Die Künstlerin Edith Wulf spürt mit ihren Farben der Seele heimatlicher Landschaften nach
Die Heimat im Bild festgehalten
Paderborn-Elsen. Die Künstlerin Edith Wulf stellt im Elsener Altenwohnheim „Schrieweshof“ Bilder aus dem Paderborner Land aus.
von Richard Schleyer
Edith Wulf wird gern als Malerin des Paderborner Landes bezeichnet. Mit Skizzenblock und Fotoapparat durchstreifte sie die Umgebung der Domstadt, hielt Eindrücke und Stimmungen fest, im Wechsel der Jahreszeiten und Witterungen. So fing sie etwa die herbstliche Stimmung über Dahl oder Kleinenberg ein, zeichnete die Attelner Almebrücke in winterlichem Weiß und Blau und die Windräder bei Buke in sommerlicher Landschaft. Besonders angetan haben es der Künstlerin aber die Kirchen und Kirchplätze der Region. Und weil die Kirchen im Winterhalbjahr am wenigsten von dem dichten grünen Laub der Bäume verdeckt werden, malte sie diese meist in herbstlich-winterlicher Atmosphäre.
Heimatliche Gefühle wecken diese Landschaften im Betrachter; und dies liegt durchaus in der Absicht der Künstlerin, wie Edith Wulf betont. Dieser Wiedererkennungseffekt, den diese Bilder vor allem bei älteren Betrachtern hervorrufen, könne für sein Haus und die vielen Senioren, die dort wohnen, Gold wert sein. So erkannte Ulrich Gerling, der Leiter des Seniorenheimes Schrieweshof in Elsen. Es gehört zur Philosophie der Christophorus-Gruppe, die vor zwei Jahren diese Einrichtung eröffnete, die alten Bewohner bei ihrer inneren Gefühlswelt abzuholen und so-oft wie möglich deren Erinnerungen zu mobilisieren. Somit funktionierten Ulrich Gerling und Edith Wulf das Seniorenheim inmitten des Paderborner Ortsteiles in eine Bildergalerie um. Im Eingangsbereich, auf den Fluren, in der Kapelle, dem Café und den Büros, selbst in dem Raum, in dem die Verstorbenen aufgebahrt werden, hängen nun Bilder von Edith Wulf. Bis in den April hinein sollen sie im Haus bleiben und harren auch der Bewunderer, die von außen den Schrieweshof aufsuchen, um die Bilder zu sehen.

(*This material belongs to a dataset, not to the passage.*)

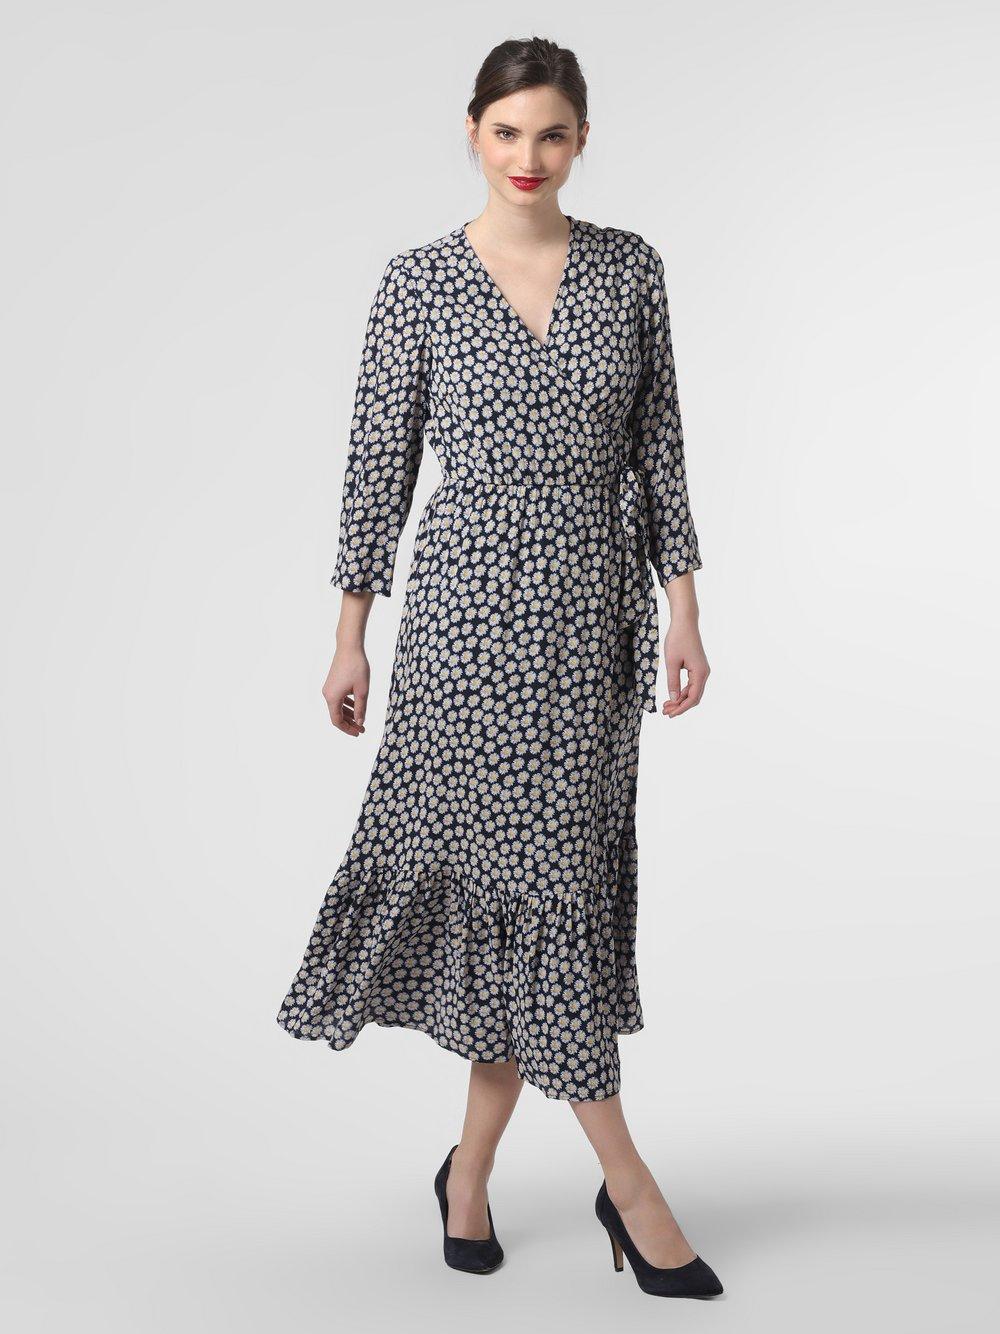 Y.A.S – Sukienka damska – Yasdaisy, niebieski Van Graaf 474290-0001-09900

Edith Wulf will in ihren Bildern nicht einfach Landschaften, Straßenzüge, Plätze und Gebäude festhalten. Sie malt gegenständlich; das Entscheidende aber sind ihr Stimmungen, die sie festhalten und wiedergeben will. Sie kommt meist mit wenigen Farben aus; doch indem sie diese Farben aufträgt, will sie dem Bild eine Seele einhauchen. Dadurch entstanden zum Teil ausgesprochen expressionistische Bilder, bei denen das Gegenständliche zugunsten des inneren Ausdrucks verschwimmt. Sennelandschaften an der Ems malt sie auf diese Weise; oder die Landschaft an der jungen Lippe in Bad Lippspringe. Waldwege haben es der Künstlerin besonders angetan. Aber auch auf dem Kirchplatz von Delbrück verschwinden die Konturen von Menschen und Gebäuden im Nebel. Der Betrachter spürt die bläulich-weißen Nebel wallen und fühlt sie bis in sein eigenes Herz hineindringen.
Gelernt hat die 1935 geborene Edith Wulf eigentlich Schneiderin. Sie arbeitete dann als Entwurf- und Modezeichnerin, bildete sich zur Diplom-Designerin weiter. Neben ihrer Arbeit gab sie Kurse in Zeichnen, Malen und kreativem Gestalten. 1987 wagte sie es schließlich, sich als Künstlerin selbstständig zu machen. Früher malte sie wie besessen, oft bis in die Nacht hin-ein. „Es war, als ob eine unsichtbare Hand mich führe.“
Früher hat sie auch Aktbilder gemalt, viele Tierbilder, Pferde und Schafe auf der Weide. Der Flug der Vögel hat sie fasziniert und das Meer. Doch dann wurde ihr Werk heimatbezogener; und auch religiöser. Stolz ist sie auf ihre Bilderserie „Wie Gott schuf“. Auch manches Christus-Antlitz hat sie gemalt. Doch davon spricht sie nur sehr verhalten.